I've been trying to write a Master Boot Record (MBR) in the Netwide Assembler (NASM) for Intel's x86 architecture that saves a `memory map' on the 3.5" floppy disk it booted from. The data that will be written to the floppy is in the range R=[0x00_00_00, 0x16_7F_FF]. This `odd' range is because, to my knowledge, a 3.5" floppy disk consists of 0x16_80_00 bytes.
I designed it in such a way that the code only works once, because the MBR gets overwritten as well. I know this MBR gives no guarantee that it gives an accurate dump of the memory in R: this is because by the time or during the time a sector is being read, the data in the read sector or upcoming sectors may be changed.
Problem
I couldn't figure out how to read memory in range T=[0x10_00_00, 0x16_7F_FF]. As you can see, the normalized segment R's limit (absolute 0x16_80_00 <-> normalized segment 0x01_68_00:0) does not fit in a 16 bit register (my copy/write subroutine uses ES:BX - that `int ah=3' uses - to store this normalized segment).

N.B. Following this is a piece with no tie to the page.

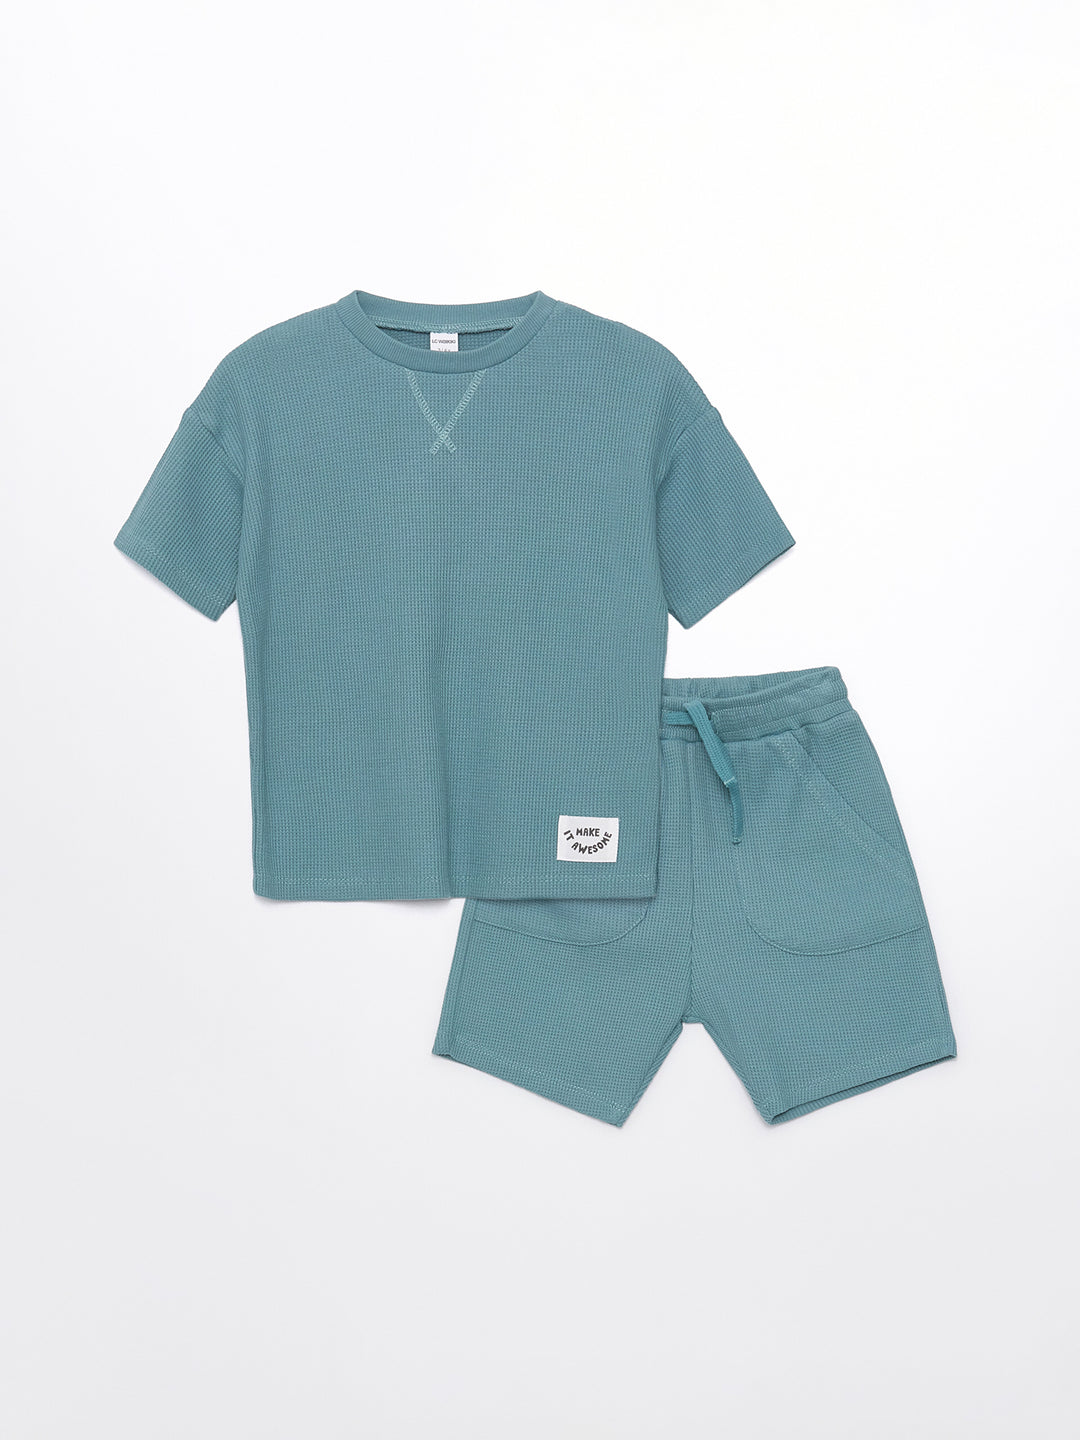 Crew Neck Basic Baby Boy T-Shirt and Shorts Set of 2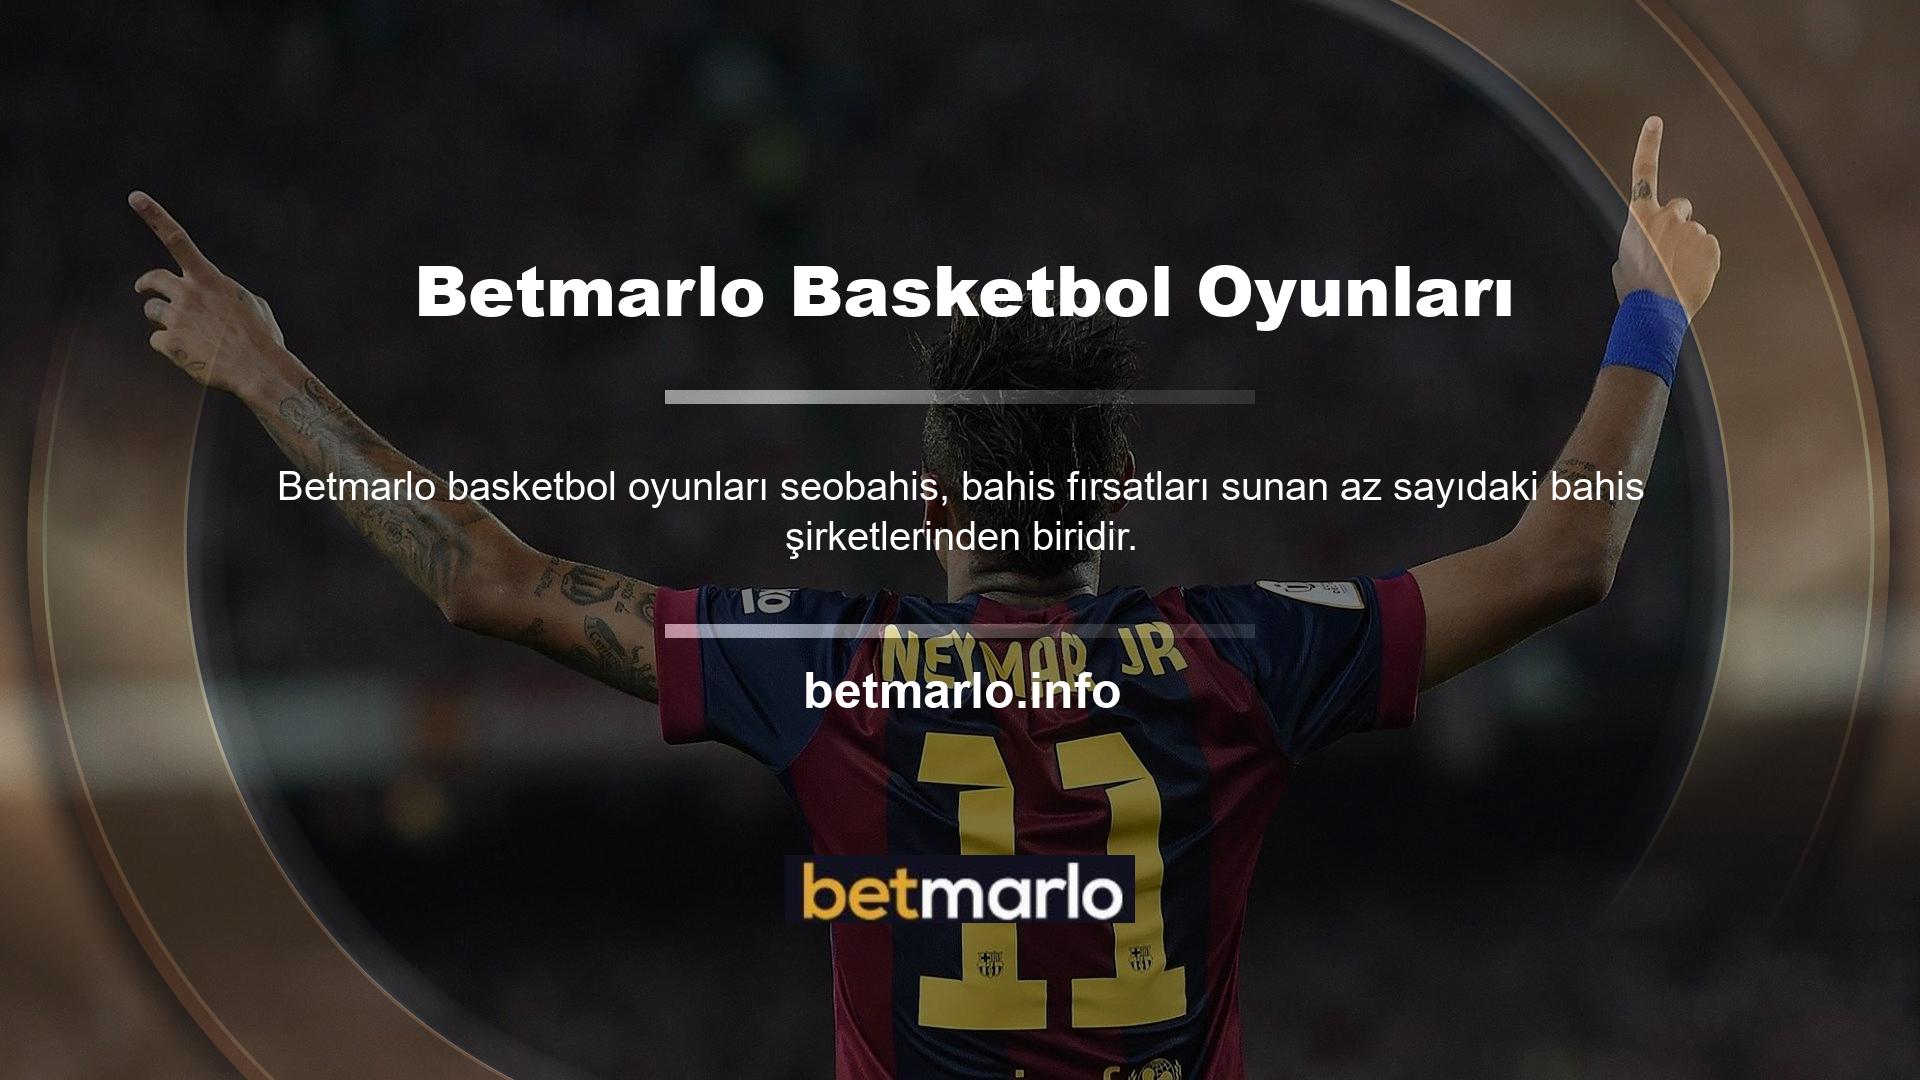 Burada diğer Betmarlo müşterileri tarafından sunulan basketbol bahislerini bulabilirsiniz

If I run my MBR with Virtual Box (VBox), the printed arguments that will be passed to `int ah=3' match my expectations:
(underlined text are my annotations)the format is as follows:
ES cylinder/track head sector write_status
(numbers are all in hexadecimal)
...
FFC0 0038 0001 000D ok
FFE0 0038 0001 000E ok
overflow ES overflows
0000 0038 0001 000F ok
...
67C0 004F 0001 0011 ok <- `67C0' should be `01 67C0' but ES is 16bit so that won't fit
67E0 004F 0001 0012 ok
succcess
Questions
What I want to know is two things:
- Is it useful to try fix my 16bit overflow problem?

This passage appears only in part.